With the help of UCLA researchers, LAANE convinced L.A. Metro to adopt a "Construction Careers Policy" that will open a door for people traditionally shut out of good construction jobs. Thanks to this program, 40 percent of the construction work will be done by people from low-income communities, the very places with the highest poverty and jobless rates. Another 10 percent of the work must be done by "disadvantaged workers," who have a hard time getting work in a good economy and little hope in a bad one.

Measure J funds will speed up construction of several key light rail, subway, and rapid-transit bus lines that will help unclog traffic and connect people from their homes to their jobs. The projects include rail extensions to Los Angeles International Airport, the Eastside, the Westside, and the South Bay, and rapid bus service through the San Fernando Valley. The Green Line - which now ends in Redondo Beach - would be extended into the South Bay by 2020, 15 years earlier than initially promised. The Gold Line eastside extension to San Bernardino County would be completed by 2022 -- 13 years earlier than projected.

Measure J funds will also be used for such traffic relief projects as pothole repairs, signal synchronization, bikeway and pedestrian improvements and projects, local roadway and bridge safety improvements, carpool and rideshare programs, discounted transit fares, and funds to many of the county's 88 cities for local transit services.

LA's transit officials have already demonstrated that they know how to use public funds wisely and efficiently. Since Measure R was passed, L.A. Metro has made progress on the Crenshaw and Exposition rail lines, the Orange Line bus lane extensions, and three highway improvement projects.

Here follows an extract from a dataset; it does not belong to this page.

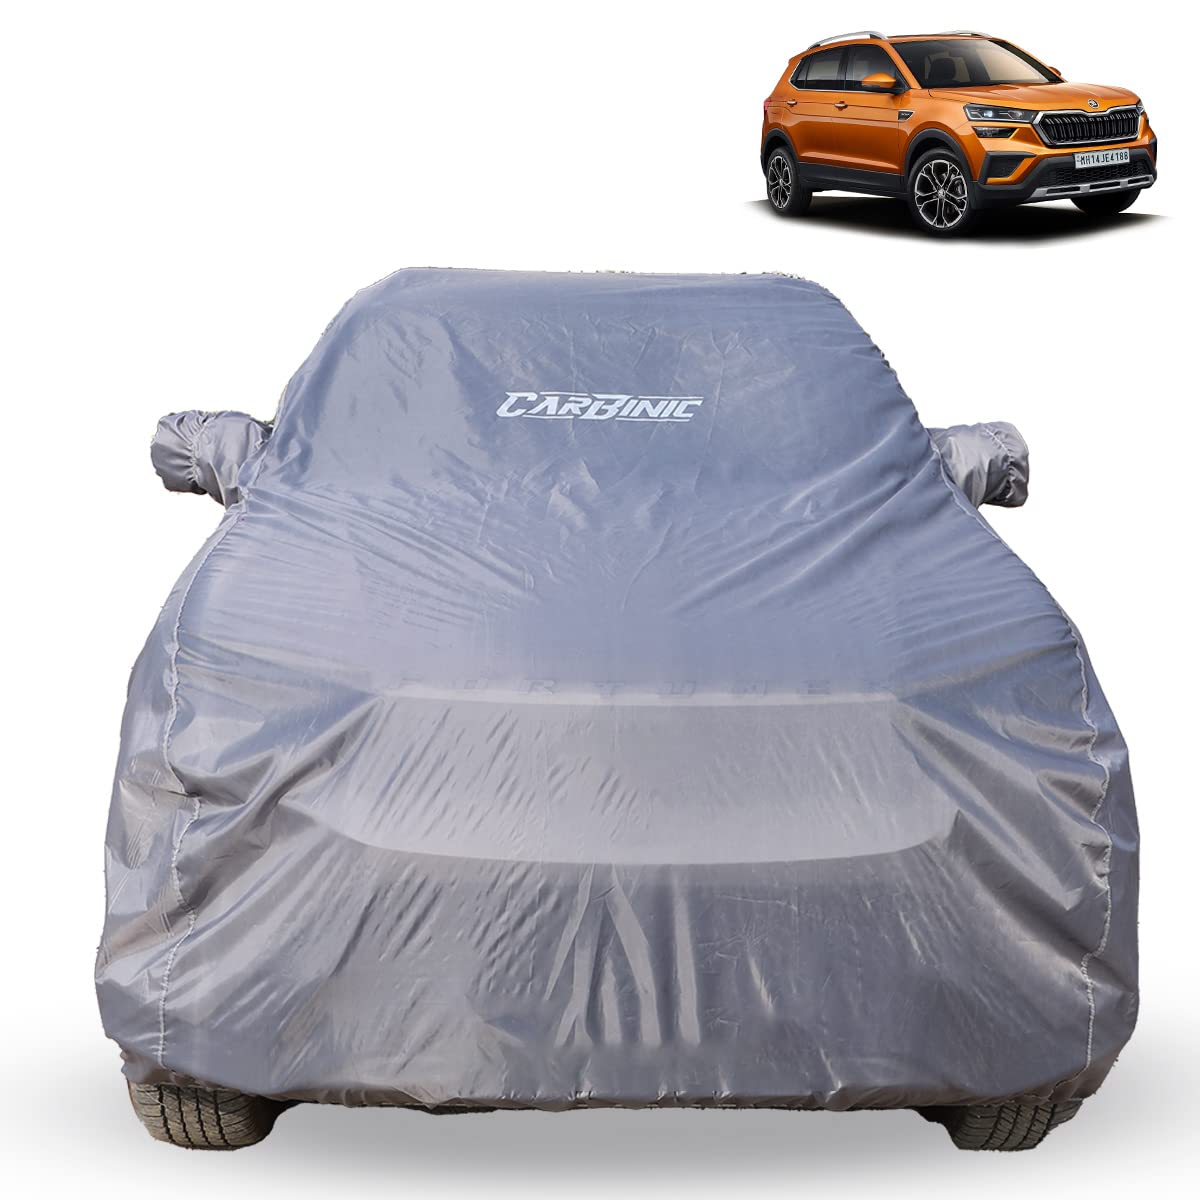 CARBINIC Car Body Cover for Skoda Kushaq 2021 | Water Resistant, UV Protection Car Cover | Scratchproof Body Shield | Dustproof All-Weather Cover | Mirror Pocket & Antenna | Car Accessories, Grey
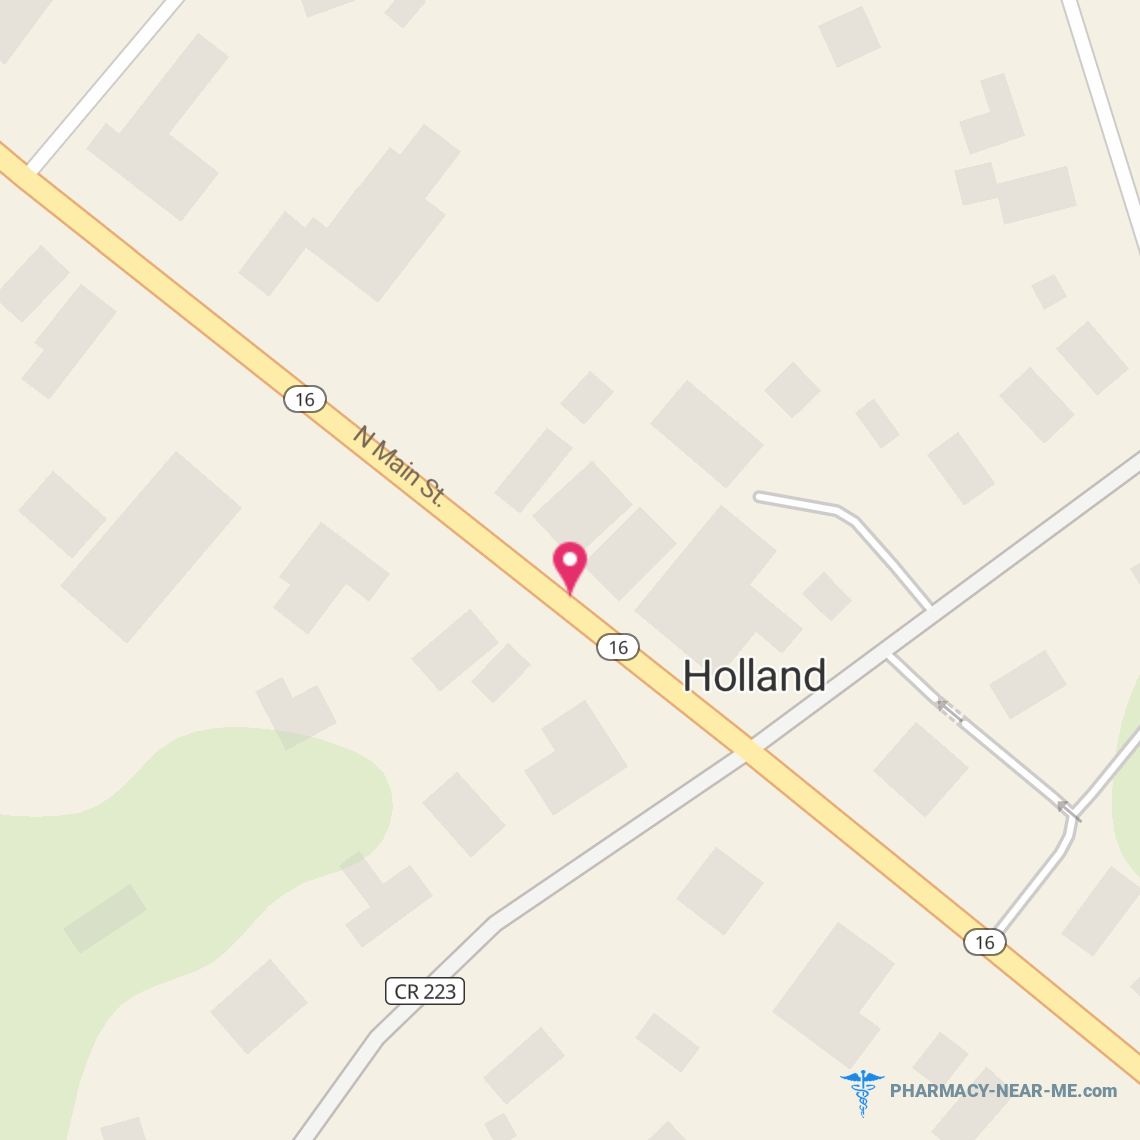 ROUTE 16 PHARMACY, LLC - Pharmacy Hours, Phone, Reviews & Information: 19 North Main Street, Holland, New York 14080, United States

Los Angeles vies with Houston as the most polluted urban area in the country as well as one of the most congested, with many motorists sitting in their cars for hours as they inch along during their morning and evening commutes. In addition to Measure J's role as a jobs stimulator, it will also have positive environmental consequences. The subways and light-rail lines built by Measures R and J will be around for more than a century. As future generations become more public transit-friendly, their behavior will help to protect the environment and wean America off foreign oil used to power our cars.

Vote "yes" on Measure J.

Peter Dreier is a professor of politics and chair of the Urban & Environmental Policy Department at Occidental College. His new book, The 100 Greatest Americans of the 20th Century: A Social Justice Hall of Fame, was published by Nation Books in July.